— Здравствуйте! — негромко проговорил он, крепко пожал мою руку и потом потряс её. — Вы уже меня извините — я прямо с постели… Занимаетесь?..
— Нет, читаю.
— То-то… Будет вам — отдохните, всего дела не переделаешь… Она, проклятая работа, вот где у нас у всех! — и он показал рукою на собственную спину.
— Я вот лежал, лежал… Не спится что-то и голова тяжела.
Иван Тимофеич пристально посмотрел мне в лицо, как бы задаваясь вопросом — верю ли я его словам? и, очевидно, убедившись в этом — продолжал:
— Не хотите ли вы рюмочку водки выпить? С устатку-то хорошо!..
— Я не устал…
— Ну, так — для веселья!..
— Да мне не скучно, Иван Тимофеич.
— Не скучно! Ну, это хорошо! А вот у меня что-то под ложечкой ноет, сосёт что-то там… Сердце сосёт, душу выворачивает, а от чего — понять не могу. Выпью вот — и полегче станет! А потом опять засосёт, заможжит всё нутро! На службе сидишь, работаешь, а нутро ноет… Что-то такое сердце моё сосёт…
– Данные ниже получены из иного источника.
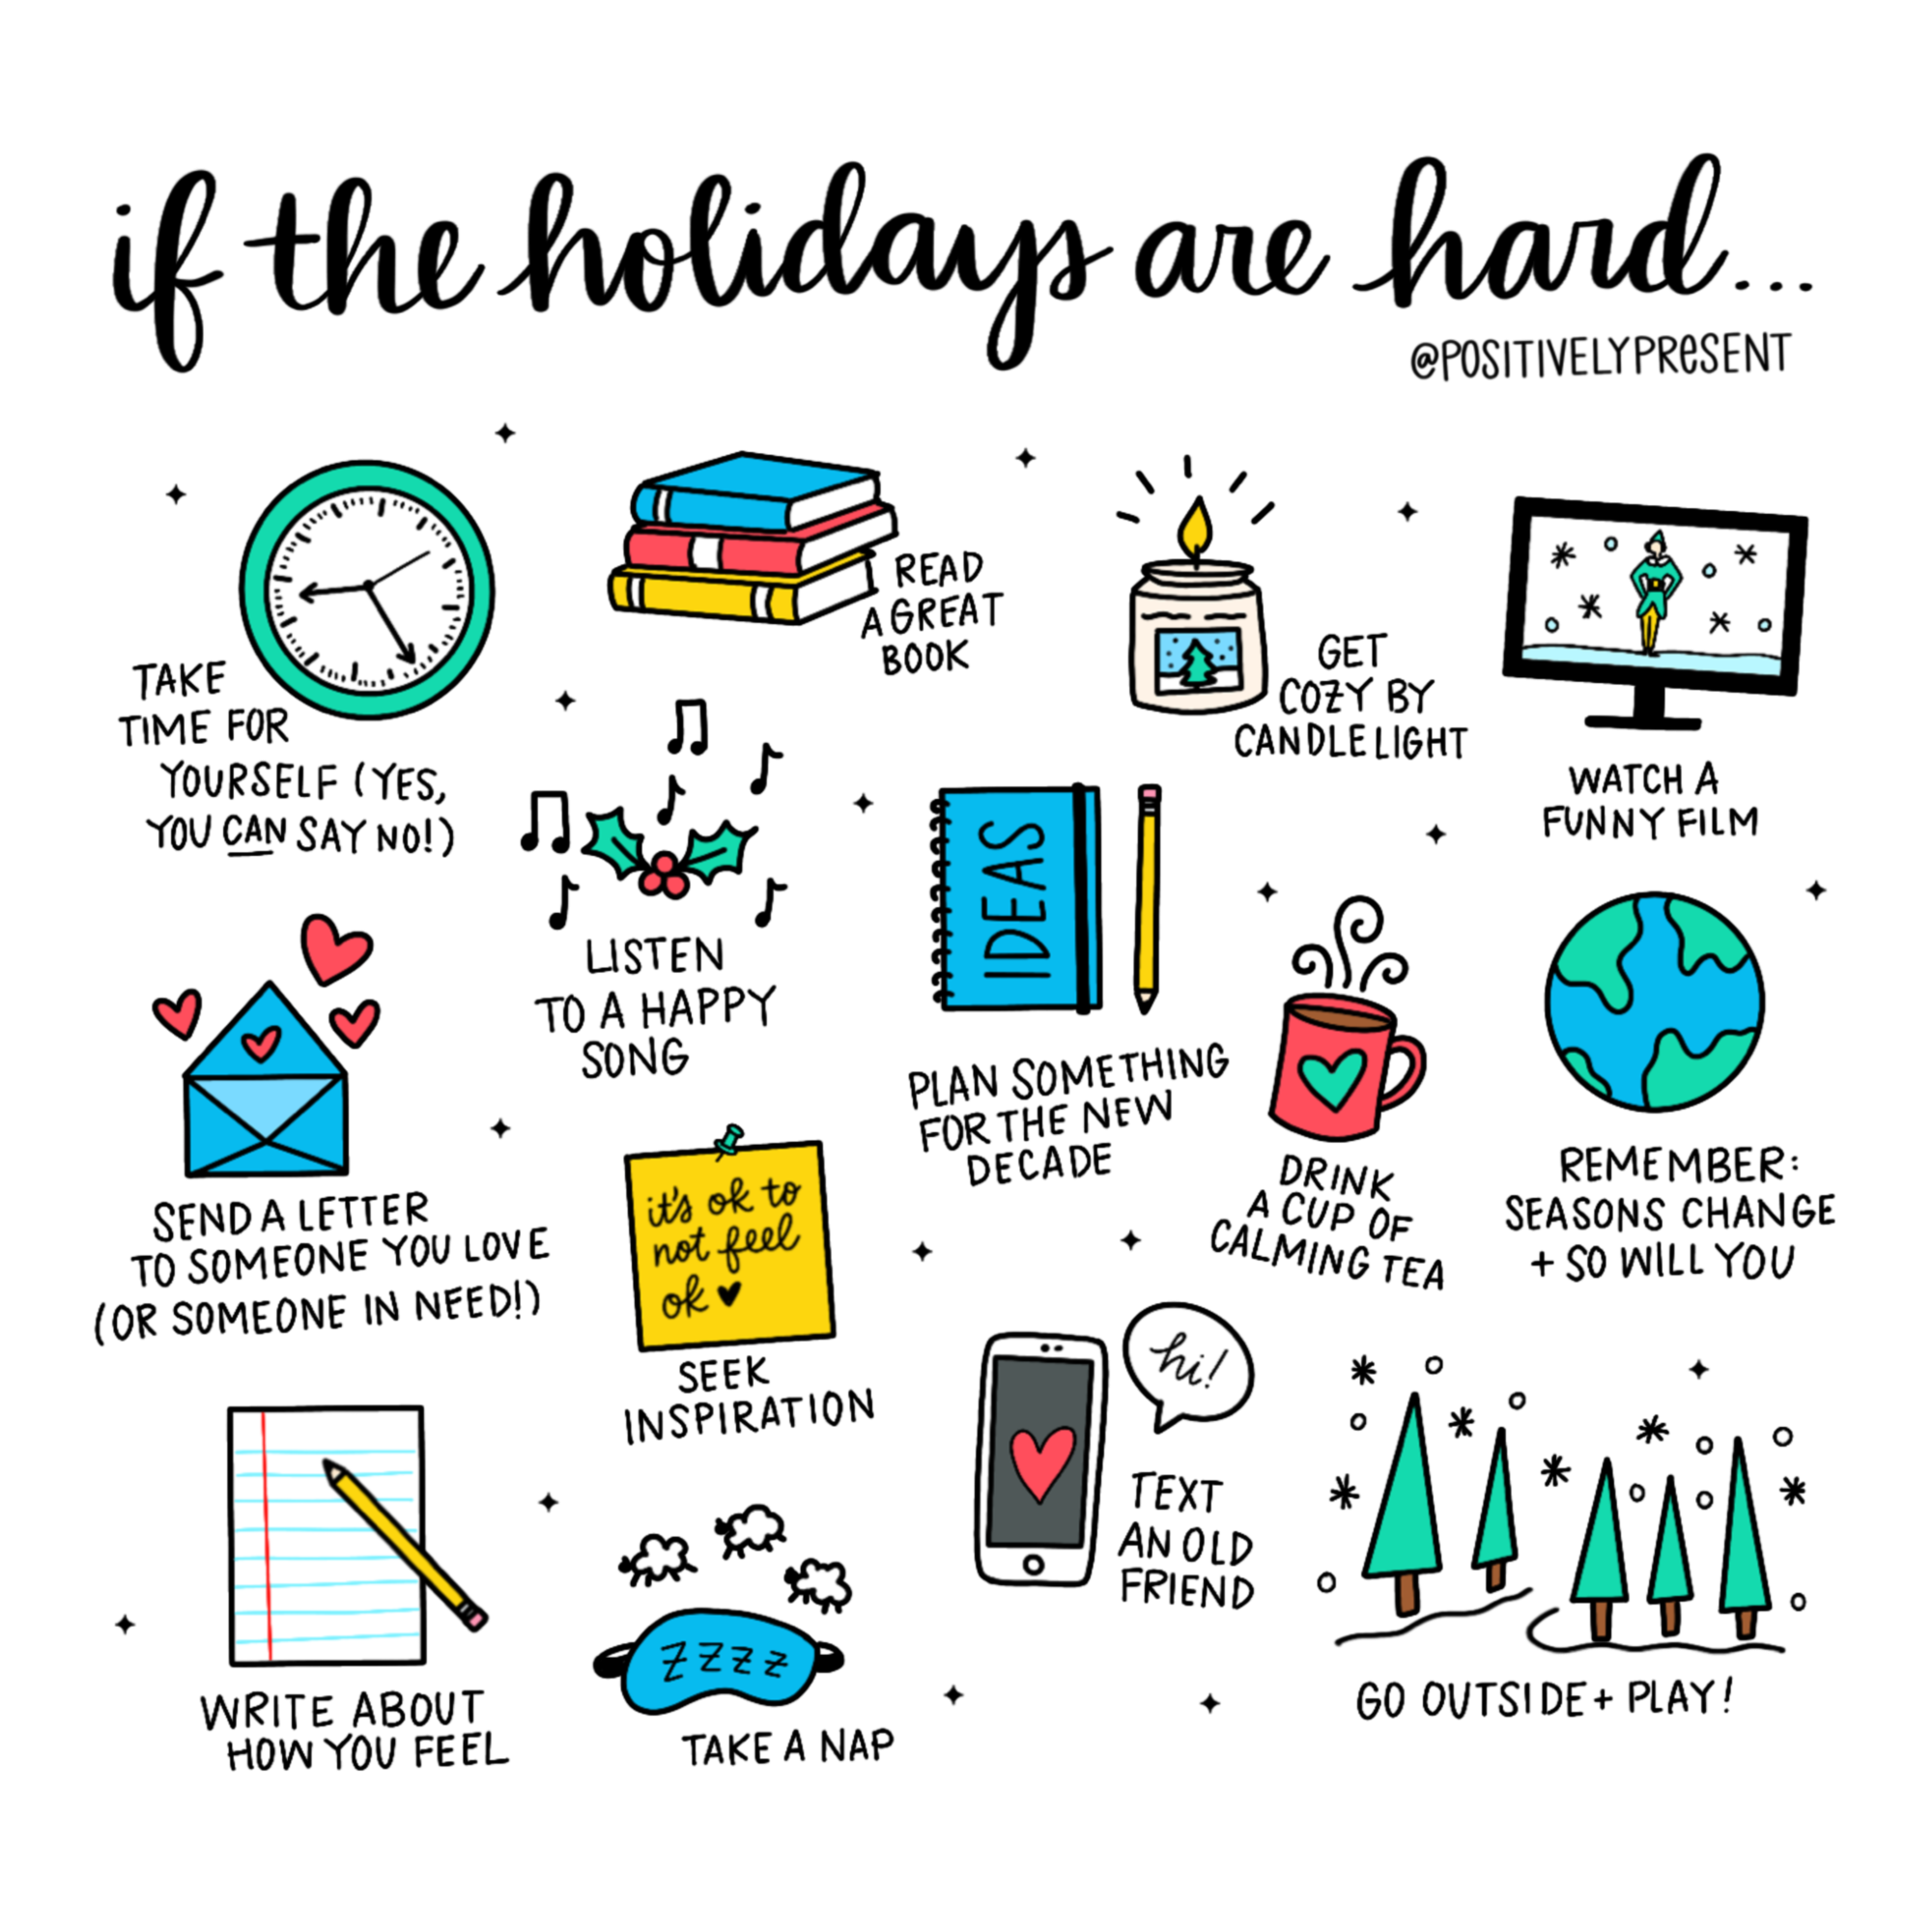 holidays are hard

— Вам бы у доктора побывать, — советую я.
Он поднял на меня глаза и, как будто не расслышав моих слов, продолжал:
— А, может быть, по рюмочке выпьем? А?.. У меня водка хорошая, столовая, и кильки есть!..
Я снова отказался.
— Ну, если не хотите, то и не надо!.. Может быть, гитару принести?..
Я попросил гостя принести гитару, что он быстро и исполнил. Возвращаясь, он прожёвывал что-то и, усевшись на стул, сообщил мне, что выпил ещё рюмку.
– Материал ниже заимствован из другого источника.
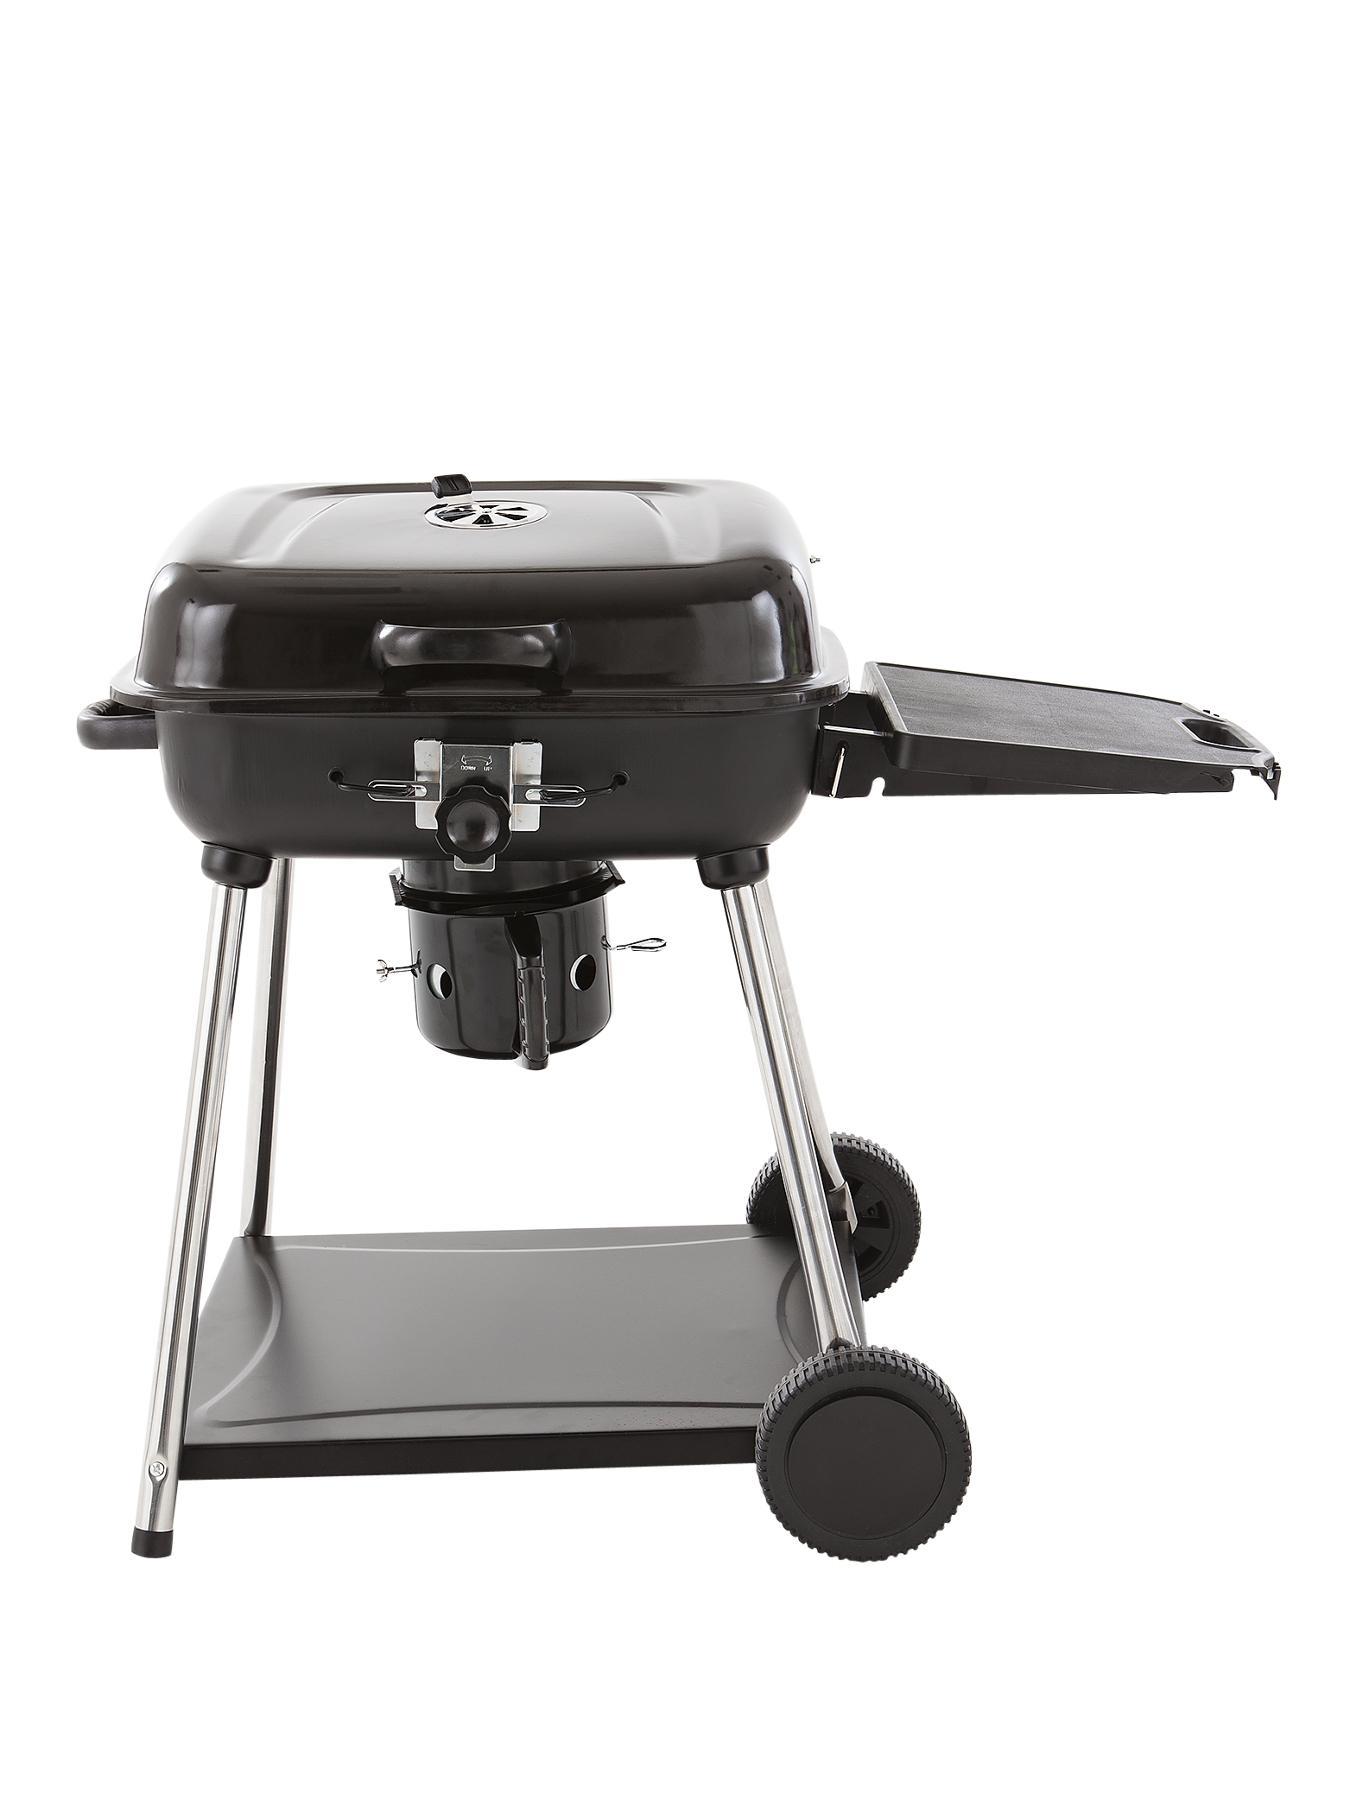 New Grand Charcoal BBQ Grill plus Warming Rack

— Слышали, как Игнатий Николаич играет? А?.. Вот хорошо играет!.. Так у него всё выходит!..
Иван Тимофеич настроил гитару и заиграл тот самый вальс, которым когда-то удивлял нас всех Савин. Сыграв какую-то весёлую польку, Иван Тимофеич перестроил инструмент по новому и заиграл свою любимую «Ноченьку» из Демона. Повторив один и тот же мотив несколько раз, он проговорил:
— Что-то сегодня не налаживается моя игра.
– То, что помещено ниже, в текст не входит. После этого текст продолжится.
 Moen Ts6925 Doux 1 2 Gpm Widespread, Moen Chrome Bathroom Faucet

— Соснуть бы вам, а то посмотрите, какое у вас бледное лицо, — посоветовал я ему.
— Не спится! — отвечал он, и в голосе его послышалось отчаяние.
Он разом оборвал какой-то печальный аккорд, отложил гитару в сторону и, встав, прошёлся по комнате.
— На службе у меня нечто неладное! — начал он, усевшись на стул. — Думал я — вот дадут чин и вздохну, а вышло не так! Начальник мой новый поедом меня ест! Совсем беда! И неотёсанный-то я, и безграмотный-то, и то, и сё. «Вам, — говорит, — не в управлении служить, а где-нибудь в провинции, в волостном правлении». Это мне-то в волостное правление! После стольких лет службы! А? Как это вам понравится? Да ещё упрекает меня за то, что чин мне дали; по его мнению, видите ли, я не стою этого! «Разослать, — говорит, — всех вас по провинции, а на ваше место мы здесь образованных найдём». Всё нам «университетских» в нос тычет, а «вы, — говорит, — шушера безграмотная!..» Что ж, и в провинции служить можно, и там будут жалованье платить, да только что же из этого выйдет? Разве там по службе выдвинешься… Где же! Так и умрёшь с маленьким чином!
Последние слова Иван Тимофеич произнёс каким-то упавшим, вялым голосом, с тоской в глазах посмотрел на меня, встал и, молча распрощавшись, вышел.
Как-то через несколько дней я вернулся домой после 12 часов ночи. Дверь открыла мне Евлампия Егоровна, встретив меня со свечою в руках.
— Господи! Слава Богу, что вы пришли! — встретила она меня с беспокойством в голосе и шёпотом добавила. — Не знаю, что с ним делается: бушует, кричит, ругается! Встретился тут вот с жильцом, со студентом-то, и разбранился… Ничего ему Фёдор Николаич и не сказал, а так вот увидел и давай бранить!.. Тот ушёл, рассердился… «Завтра, — говорит, — уеду от вас!» А я разве виновата? Он ведь буянит, шелапут, пьяница!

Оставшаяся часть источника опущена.